A few years ago, my girlfriend, Cindy Hansen, participated in the much less risky alumni cheerleading exhibition. While she did avoid any serious injury, I did notice that the Advil bottle was in active use for a couple of weeks afterward.

While it is great to see Birch Grove thriving, we will soon need to turn our attention to a couple of levy referendum questions that Cook County School District 166 will place on the ballot this November. While I disagree with the system of funding public schools through periodic referendum, I do recognize that it is how things are done now and we should wholeheartedly support the District 166 in their request. Most of our Birch Grove graduates end up attending 166 for their middle and high school years, so we need to keep the system strong for the sake of future generations and the future of Cook County - in my humble opinion.

The Lutsen 99er mountain bike race booked every room and many campsites in the West End for the weekend of June 25th. The race started with 80 riders five year ago and registered nearly 2,000 riders this year and that's with registrations being cut off at 1,800 - all this on a June weekend that didn't come close to selling out in the past. It's just one example of the growth in the tourism industry since the Visit Cook County organization was formed and funded. It's amazing what we can accomplish when we all work together.

The storm of Sunday, June 19, exacted a tragic toll in the BWCA Wilderness, with the death of a fine teacher from Rochester and the serious injury of his 14 year old son. The property damage from the storm, although substantial, paled in comparison to the loss and grief for the Walz family and their larger community in southeastern Minnesota. Our hearts go out to them.

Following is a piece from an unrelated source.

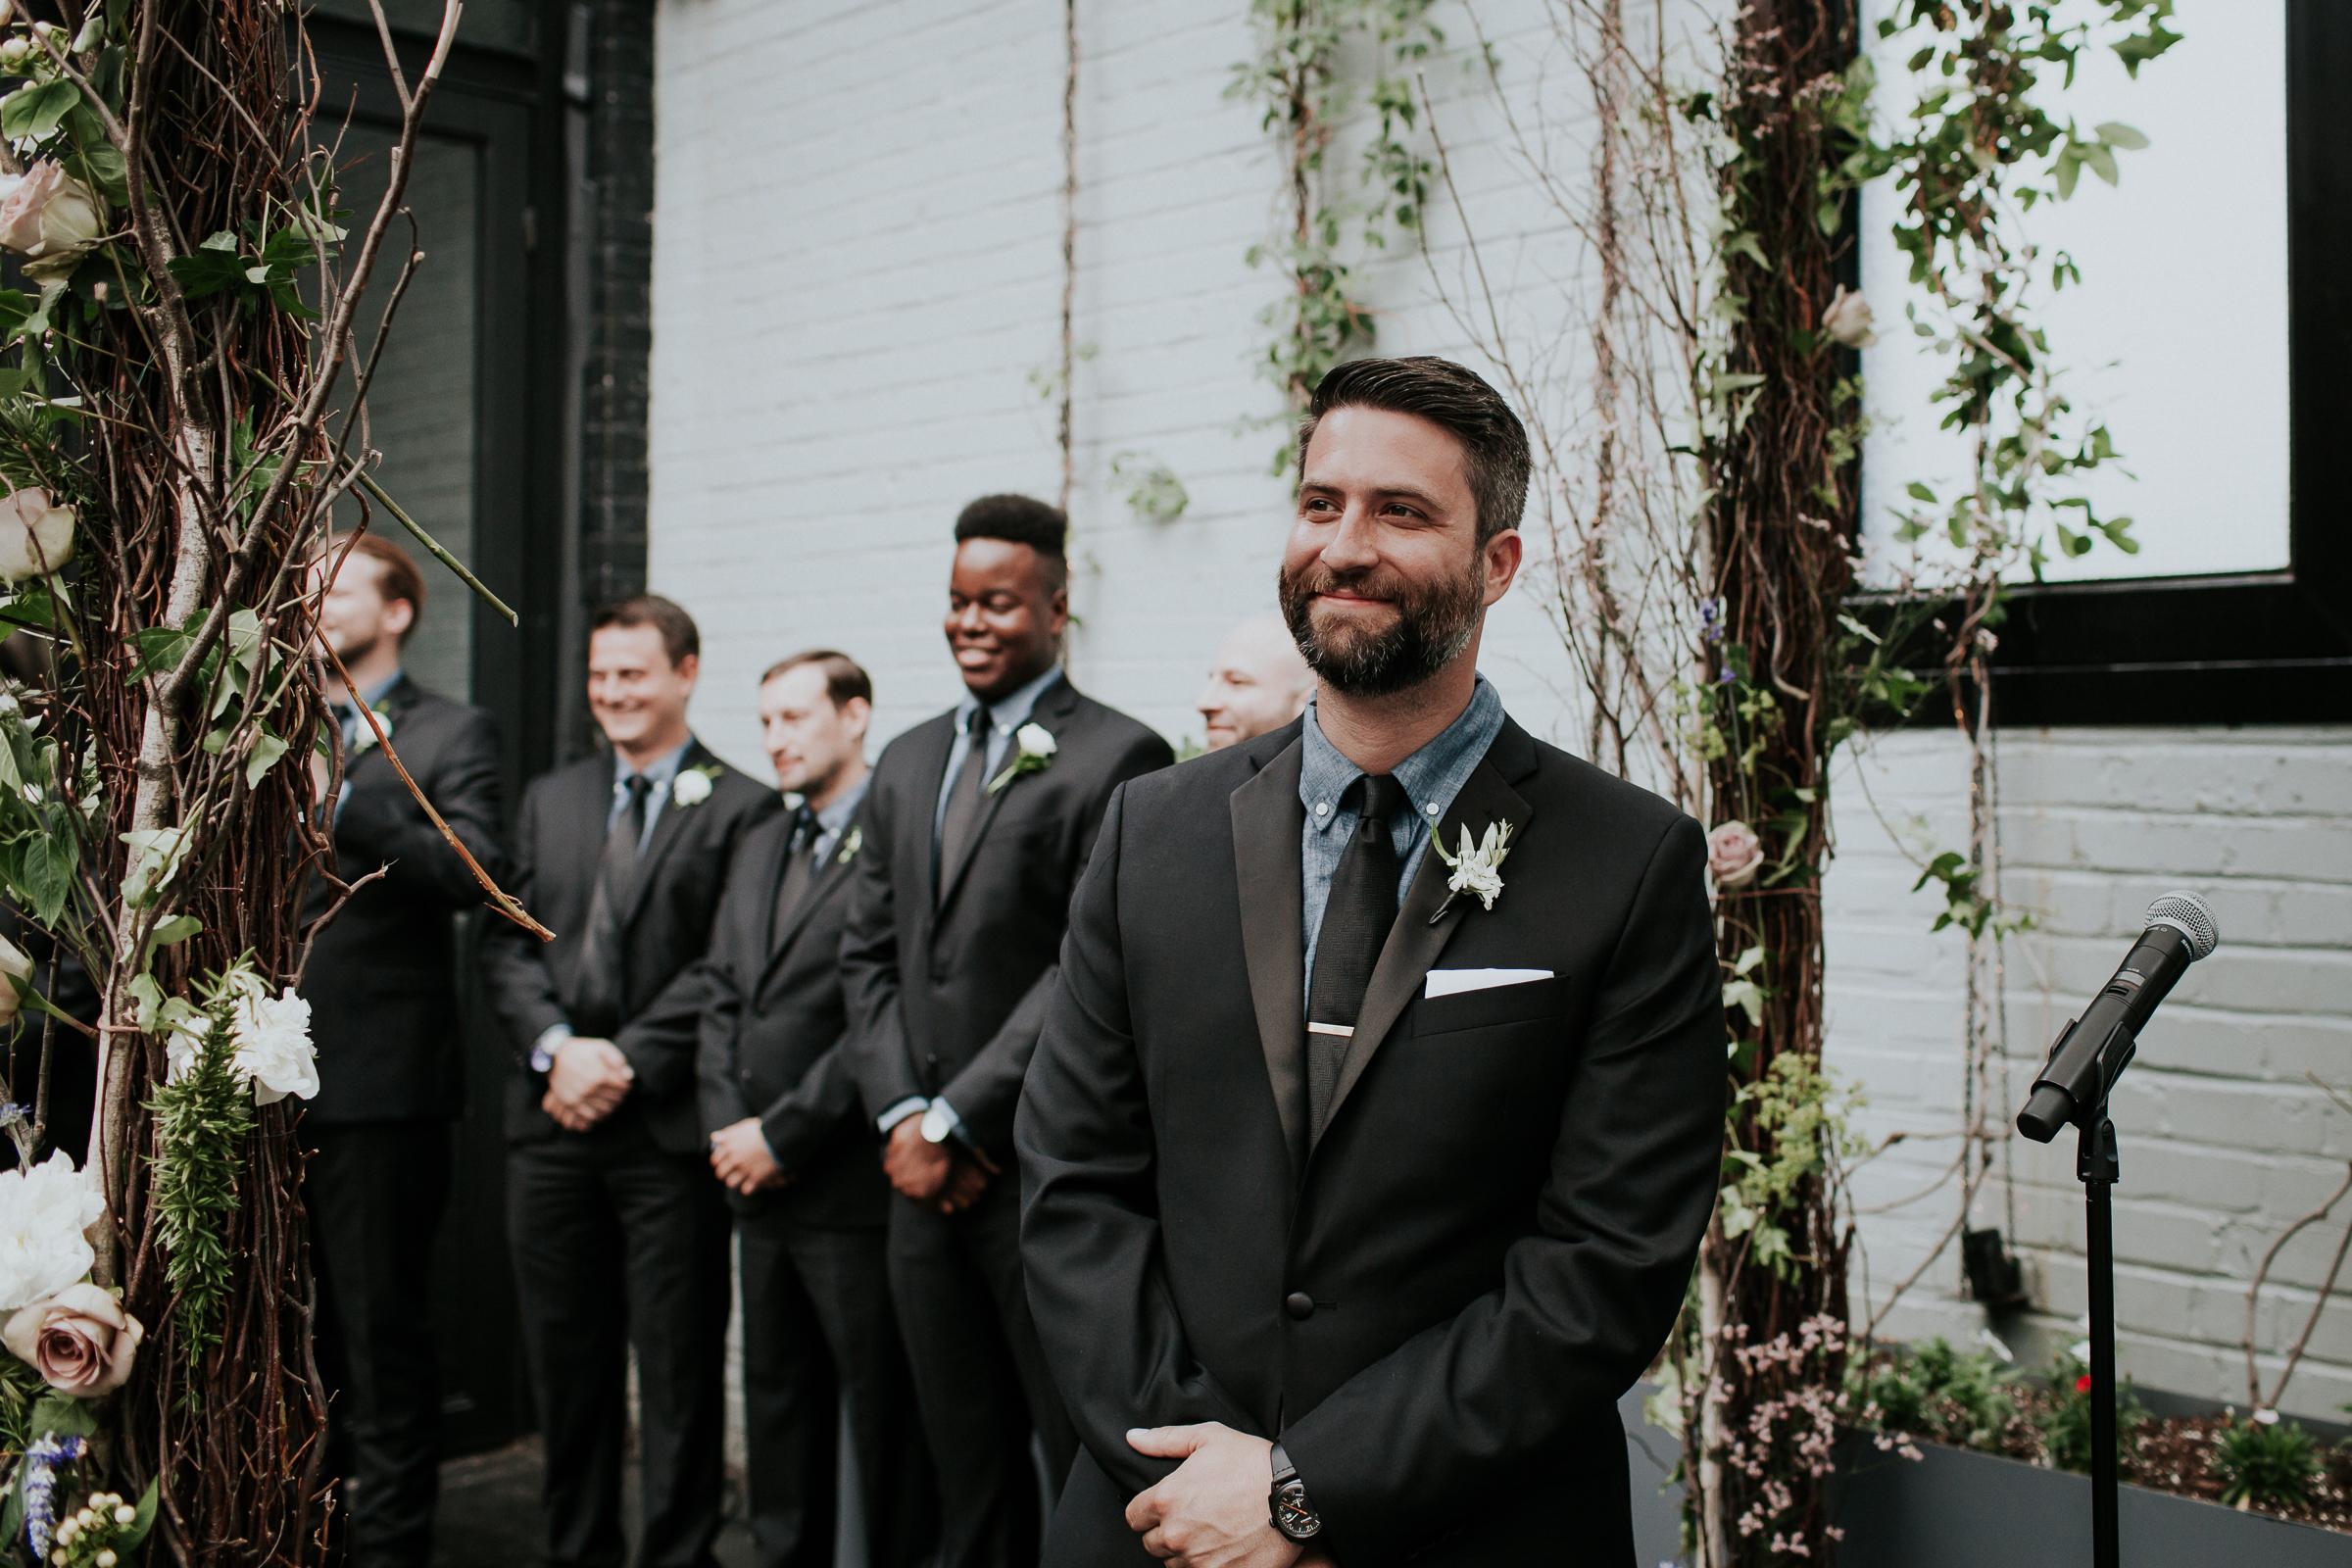 501-Union-Brooklyn-Fine-Art-Documentary-Wedding-Photographer-82.jpg

In Lutsen, many trees went down, including a few that fell on renowned sculptor Tom Christianson's Last Chance Gallery. To add insult to the injury to Tom's roof, his larger than life, multi-colored steel moose sculpture was blown over. On the following Tuesday, Tom was surprised to see the moose spontaneously back on its feet. This bordered on a miracle, because the moose weighs a ton, so putting it upright was no small task. After an incredulous posting on Facebook, it came to light that the Good Samaritan was Mike MacMillan and his merry crew at MacMillan's Tree Service. They had been called to remove the trees from the gallery roof and while they were at it, they used their heavy equipment and considerable skills to upright the giant steel moose. It's not only a story of neighborliness, but also an apt metaphor for how the West End community takes care of each other in the practical matters of food and housing and also in attending to our artistic and culture needs. It's just a part of what makes the wonderful West End a great place to live.

For WTIP, this is Bill Hansen with the West End News.